Chicago's House of Blues hosted Excelerate Labs' inaugural demo day. |
The day started with priceline.com founder Jeff Hoffman giving a keynote. Hoffman recalled training with a world champion boxer (Lewis?), and counting for him the number of reps. Not believe Hoffman's count, the boxer dramatically started again from scratch. "The difference between 300 reps and 299 reps is the difference between world champions and everyone else," declared the boxer. It was stark reminder of the depth of passion needed to succeed.
There must have been over 150 investors in the audience, including stars such as Brad Feld. Each business's presentation was polished. In general terms, they each first started with a testimony from a stakeholder, before showing through statistics, media, customer testimonials or other evidence that there was a real problem. Where they could, the startups showed what traction they had already attained. In some cases, this was significant. None of the businesses showed financials projections, which made me chuckle - I guess the community has moved past fiction.

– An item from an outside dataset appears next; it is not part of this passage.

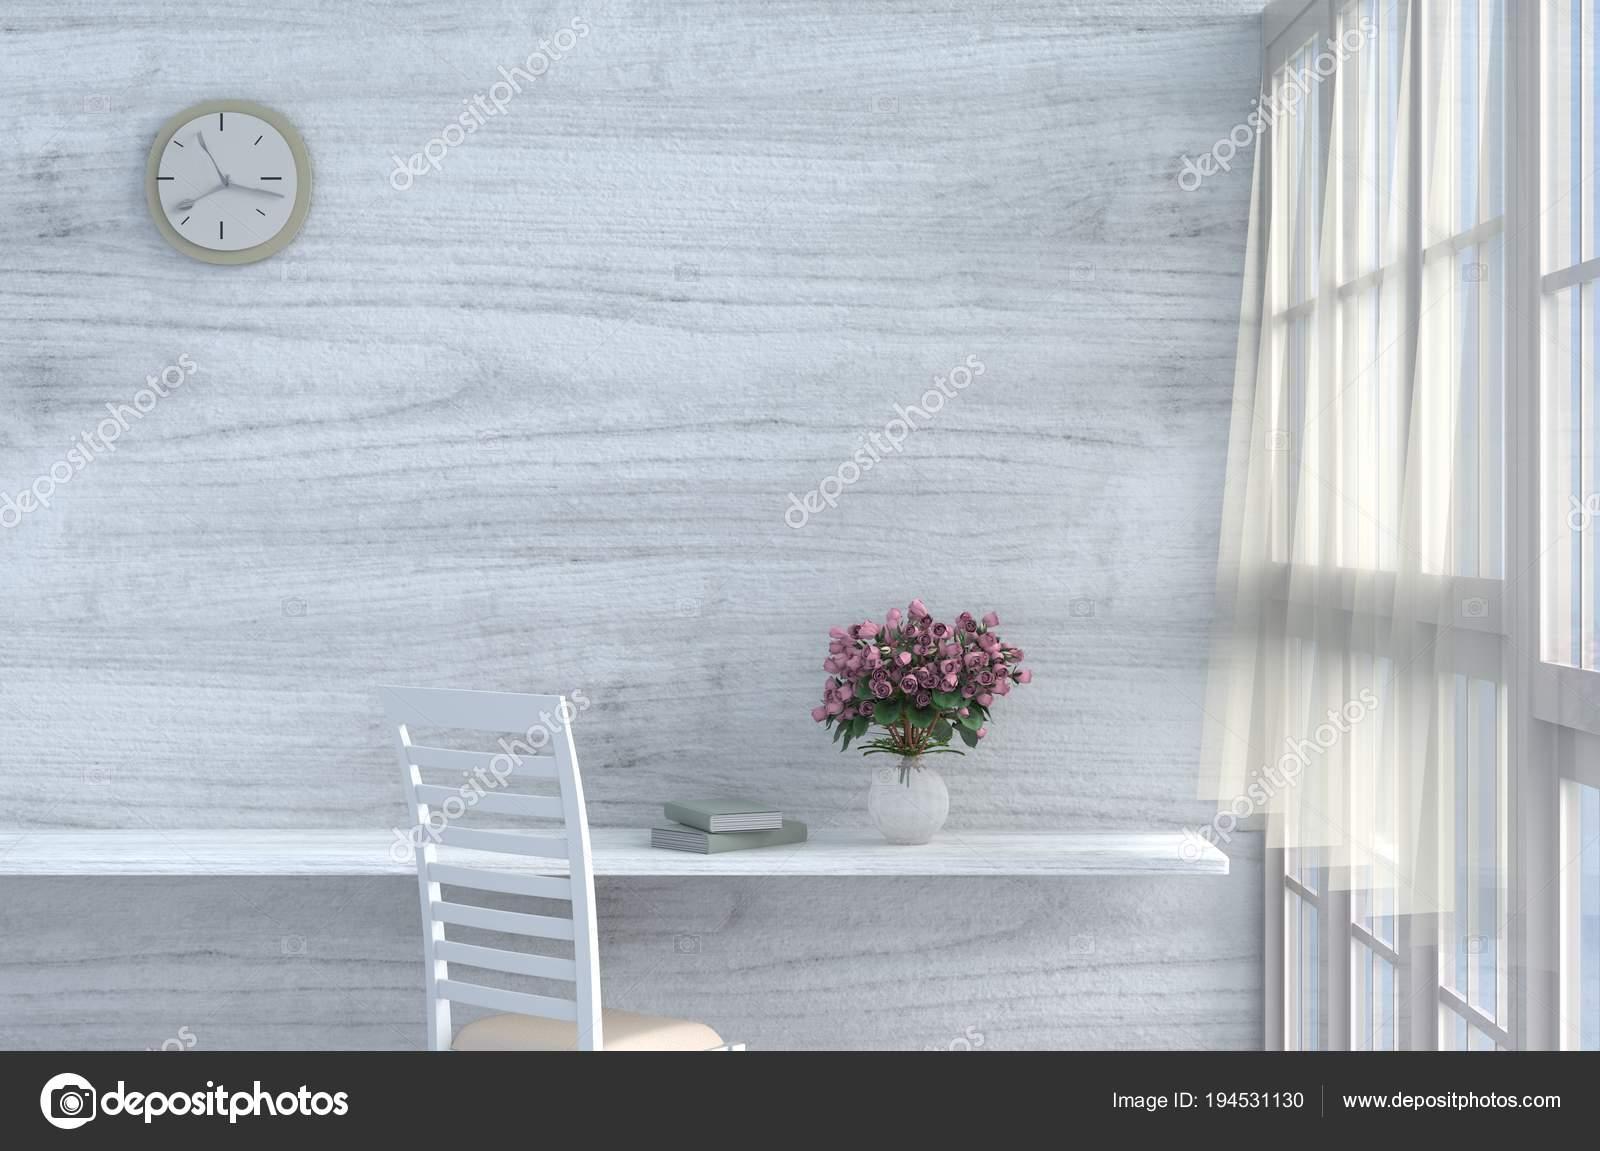 Grau Weiß Wohnzimmer Dekor Mit Creme Weißen Stuhl, Wanduhr, Weiße Holz  Wand, Fenster, Tisch, Grau Weiße Zementfußboden, Rot   Rosa Rose, Vorhang,  Vase.

In many ways, I could not help but feel that most (if not all) of the startups were already quite successful. The role of Excellerate seems to have been to put a magnifying glass on them, attracting substantial attention, drawing resources (such as mentors), luring investors and boosting valuations.
What did I like about the startups themselves? GiveForward's viral marketing model reminded me a lot of justgiving.com's viral success. I liked Tap Me's core idea: an API that allows gamers to include sponsored in-game items; product placement for games. I liked how customer-centric PVPower's Solar-Bear seemed to be. EduLender's route to market - through financial aid offices - seemed compelling. What did I not like? One or two of the businesses are clearly closer less proven. It will be interesting to see what the next steps for these will be.

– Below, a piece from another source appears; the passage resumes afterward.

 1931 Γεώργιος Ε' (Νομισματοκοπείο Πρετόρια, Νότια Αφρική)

The day also included a keynote from famed wine tv webcaster Gary Vaynerchuk, who was hilarious. I might be losing something in translation here, but his main point seemed to be about "giving a f**k" about customers. He declared "caring" to be the new frontier for competition. I agree. In a world of information overload, businesses have to figure out how to help the customer beyond just providing them with what everyone else is providing.